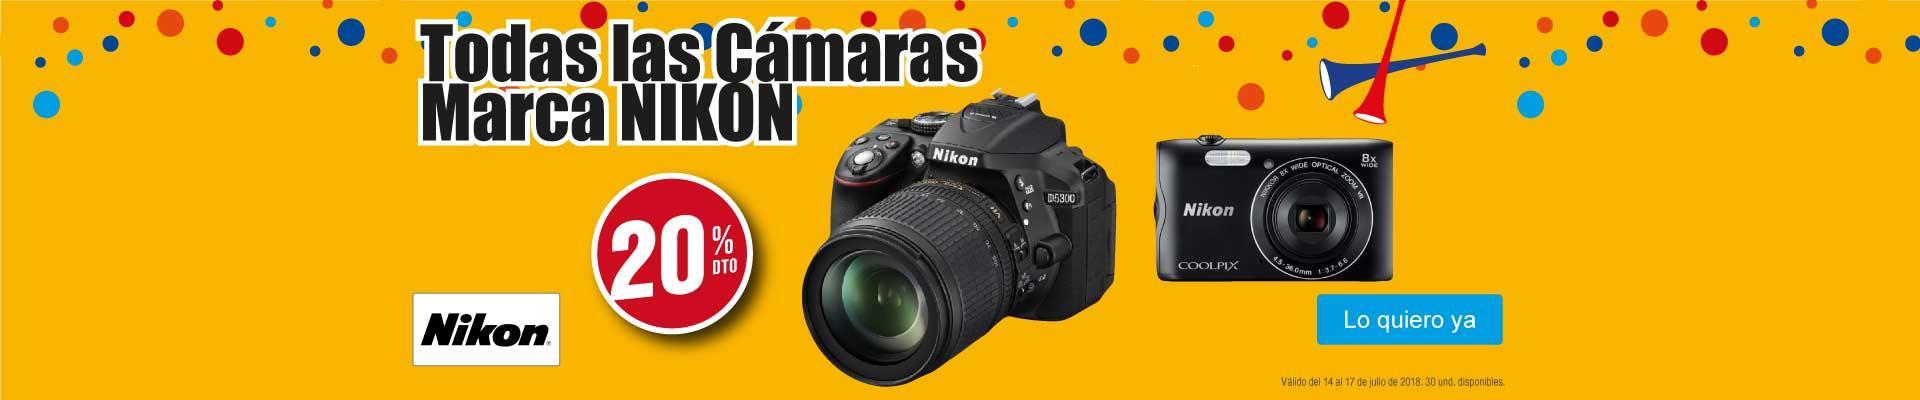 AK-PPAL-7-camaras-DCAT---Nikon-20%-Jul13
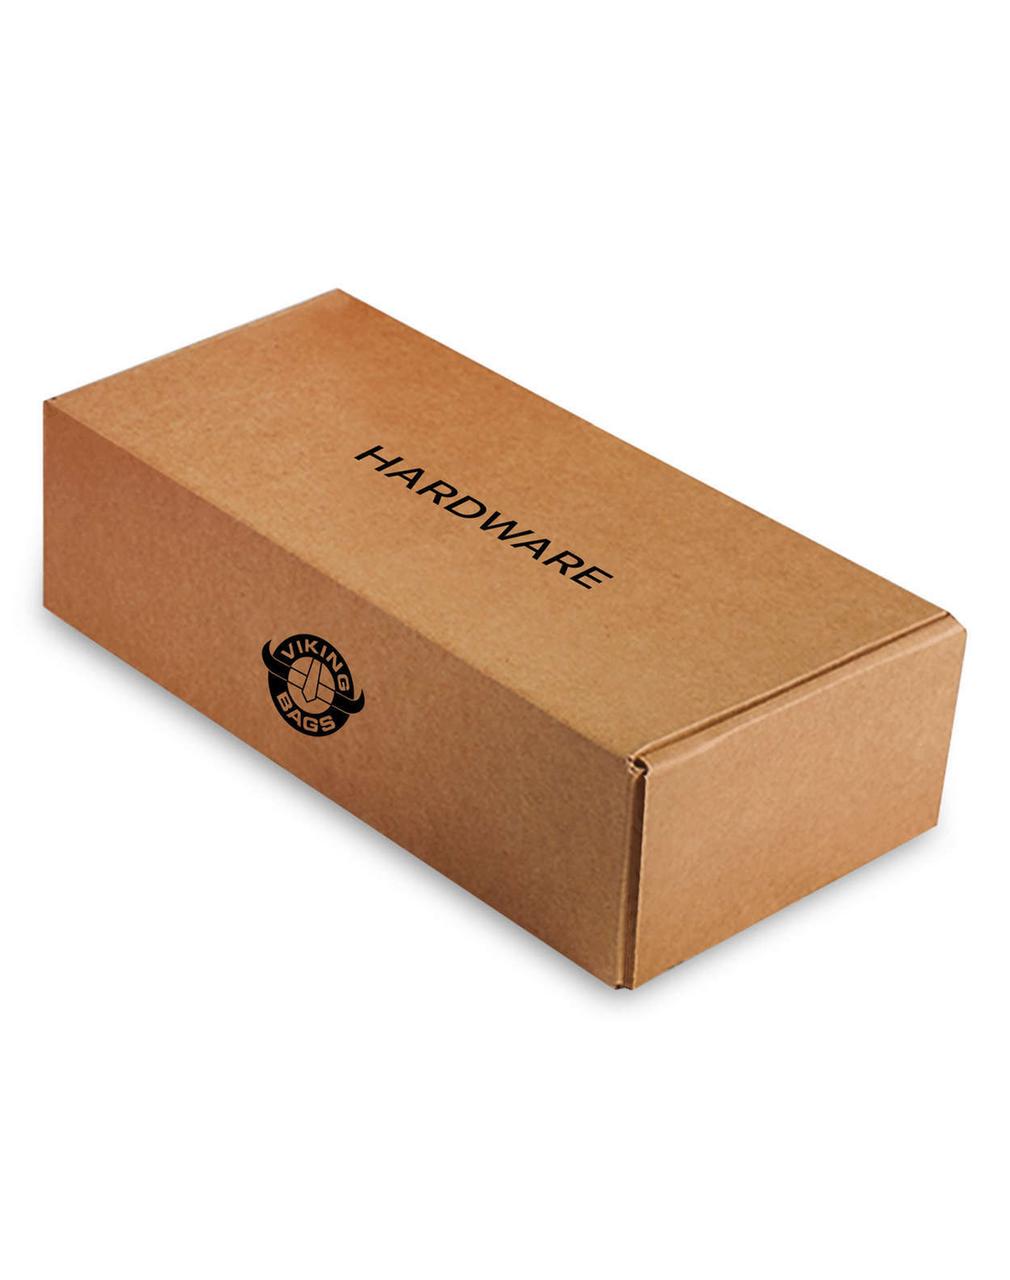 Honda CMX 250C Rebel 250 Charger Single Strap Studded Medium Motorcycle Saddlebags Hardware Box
--
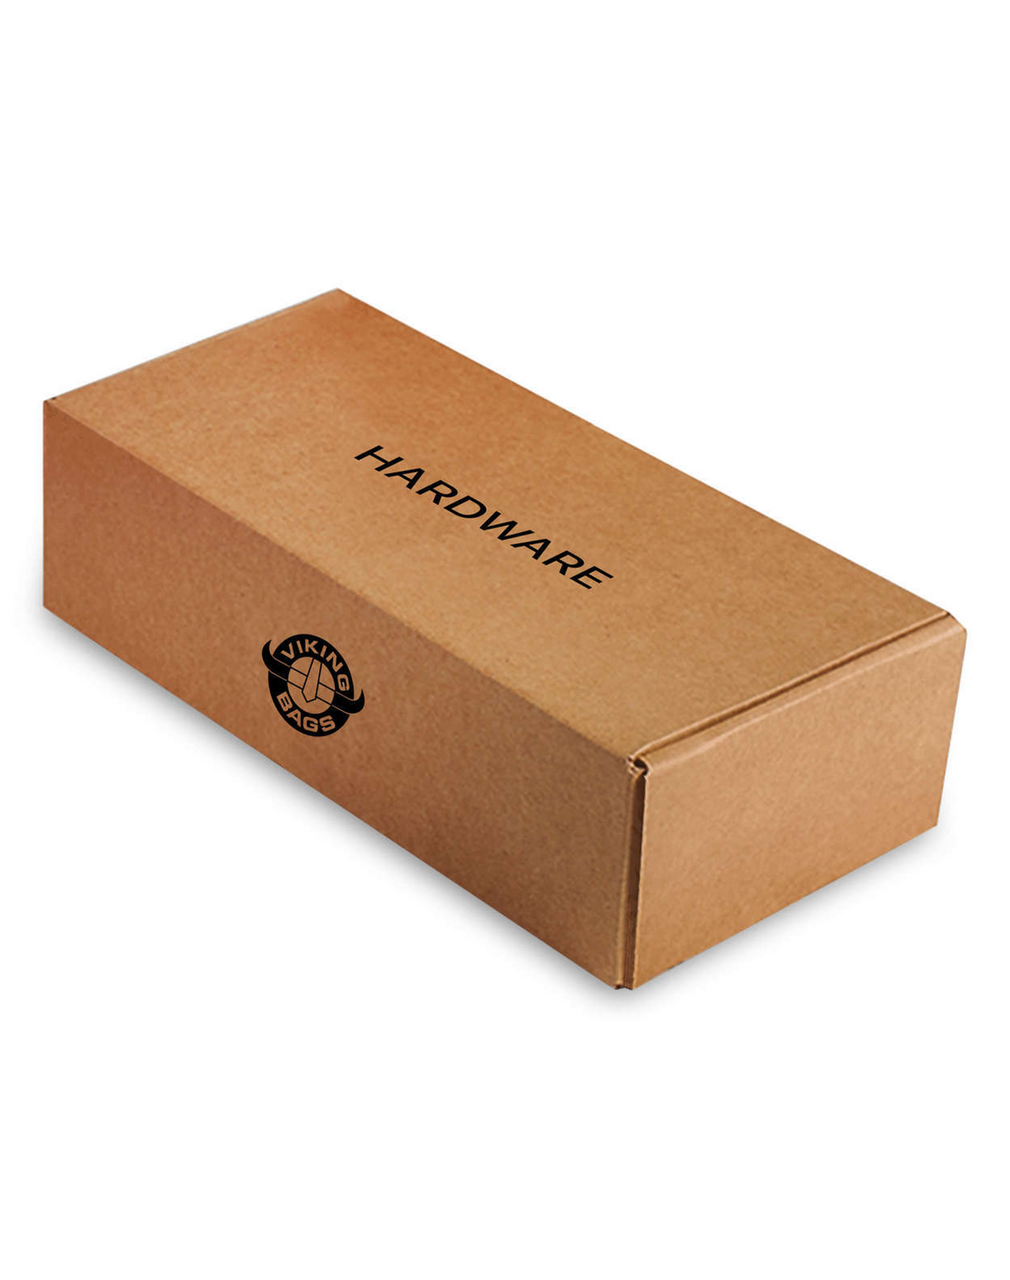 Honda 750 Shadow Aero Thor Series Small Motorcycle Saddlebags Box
* * *
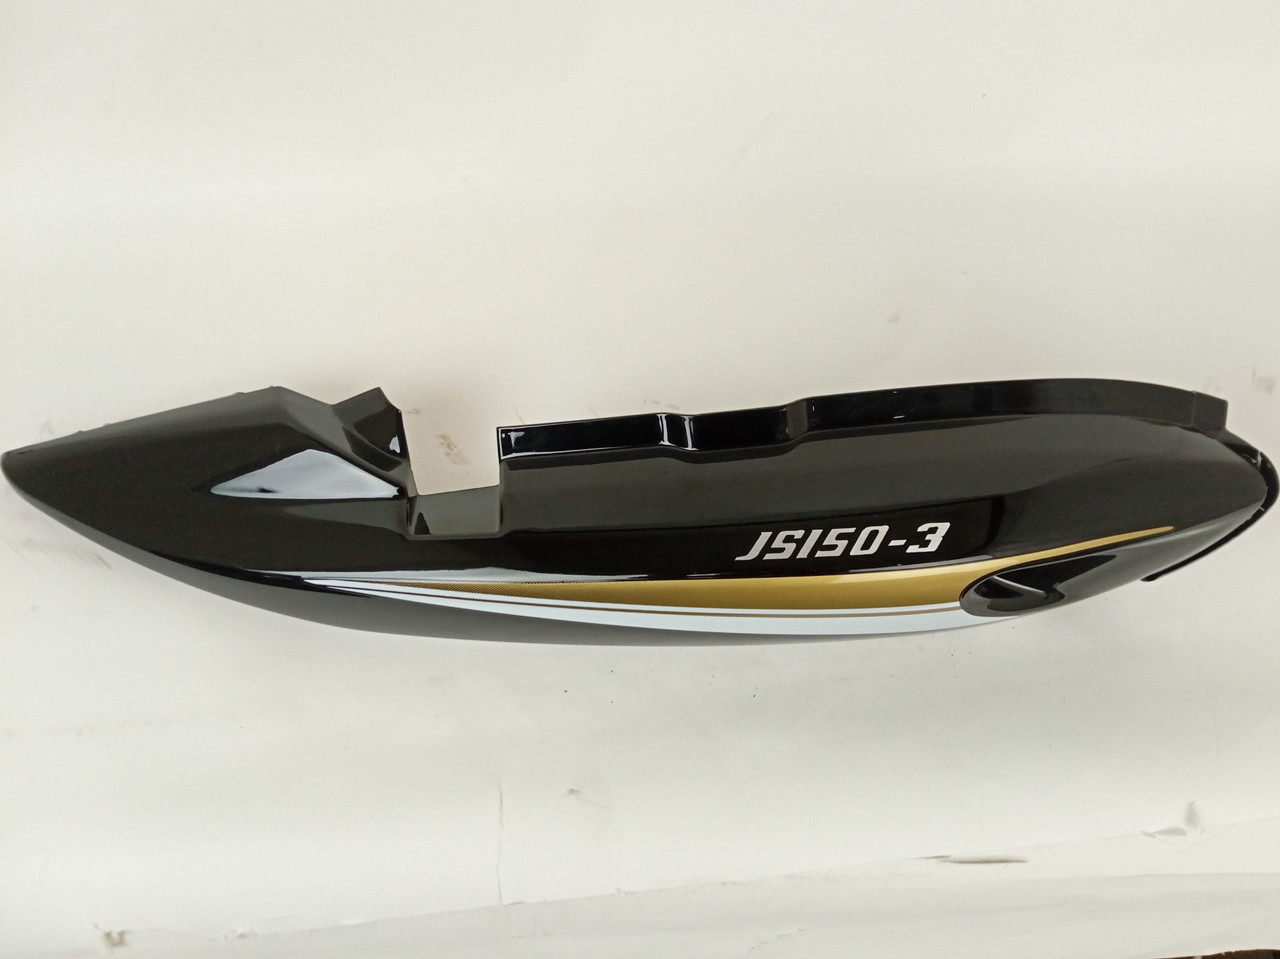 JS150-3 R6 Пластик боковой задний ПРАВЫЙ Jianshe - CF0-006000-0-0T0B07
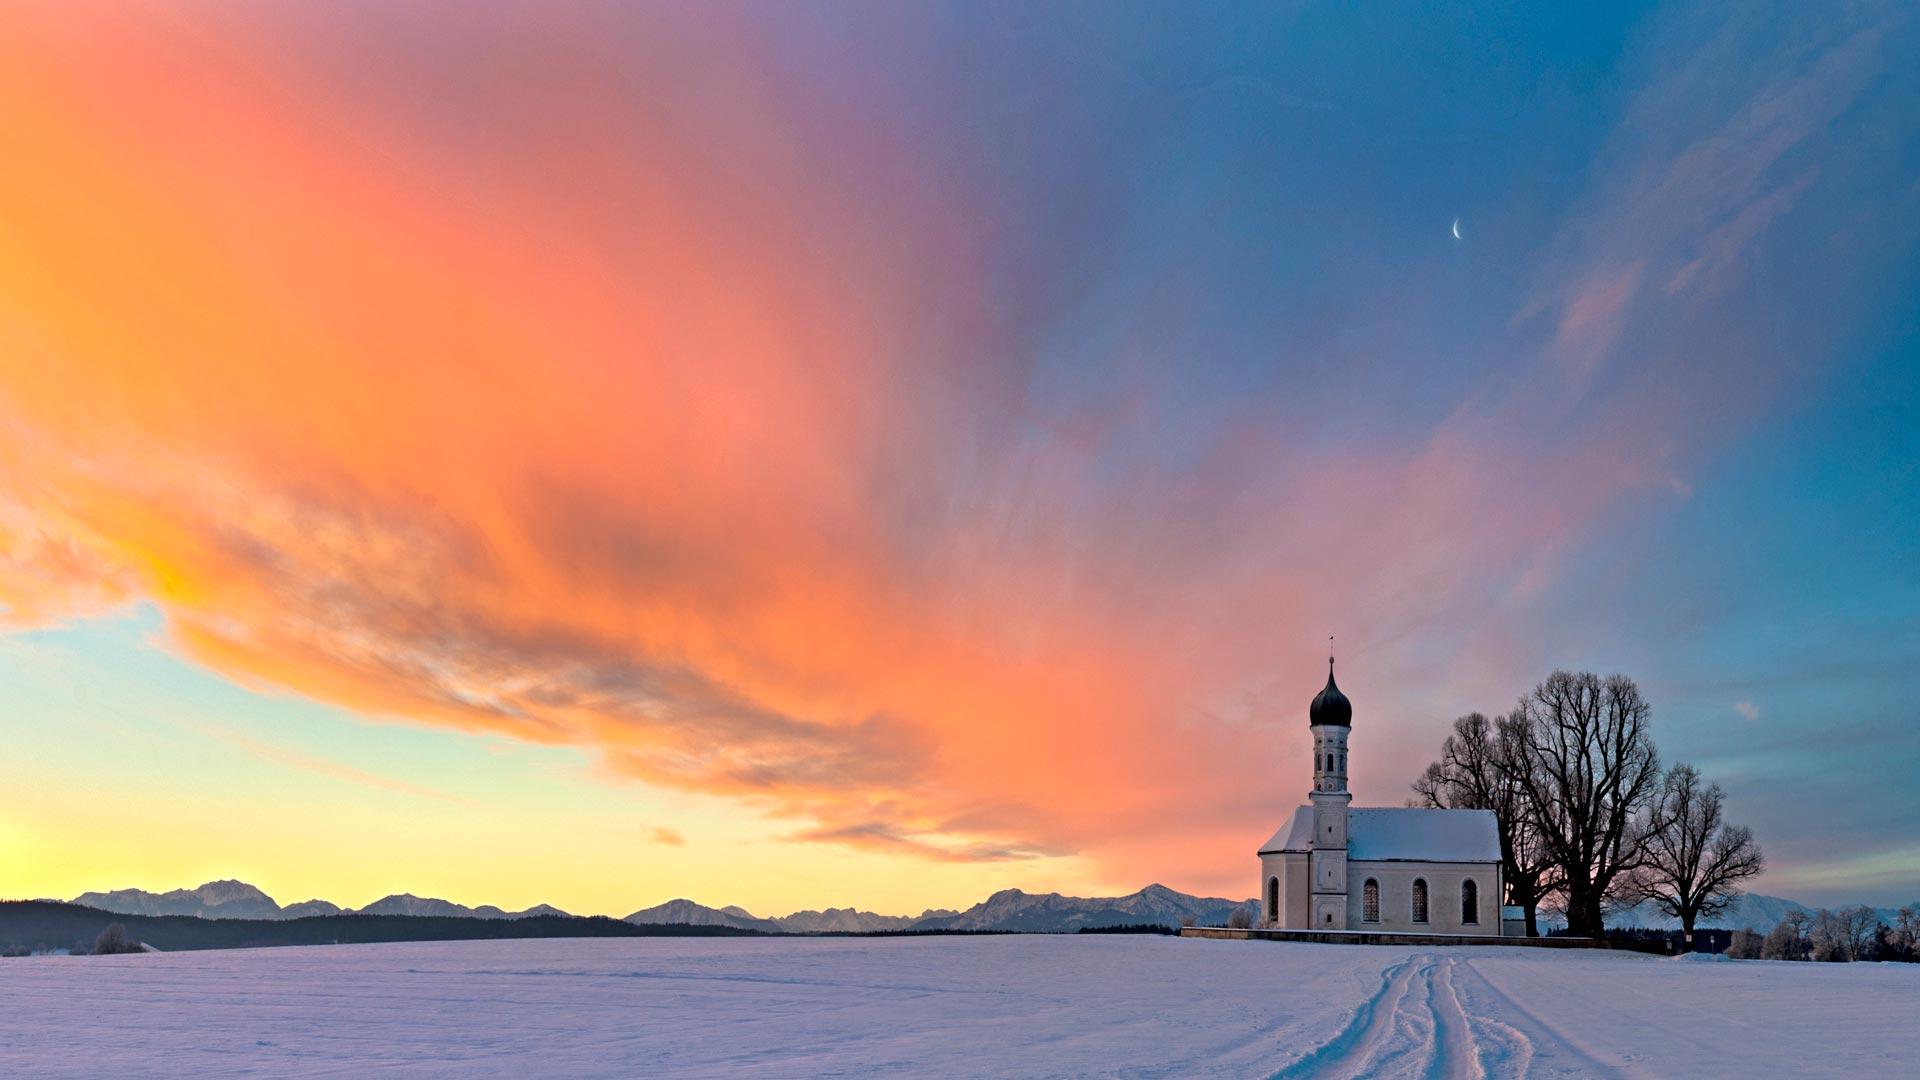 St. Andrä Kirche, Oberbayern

=== Task requirements ===
Treat the line with "AK-PPAL-7-camaras-DCAT---Nikon-20%-Jul13" as the start and the line with "Honda CMX 250C" as the end, and return exactly that span of the data above, both ends included, without pictures.

=== Answer to the problem ===
 AK-PPAL-7-camaras-DCAT---Nikon-20%-Jul13
 Honda CMX 250C Rebel 250 Charger Single Strap Studded Medium Motorcycle Saddlebags Hardware Box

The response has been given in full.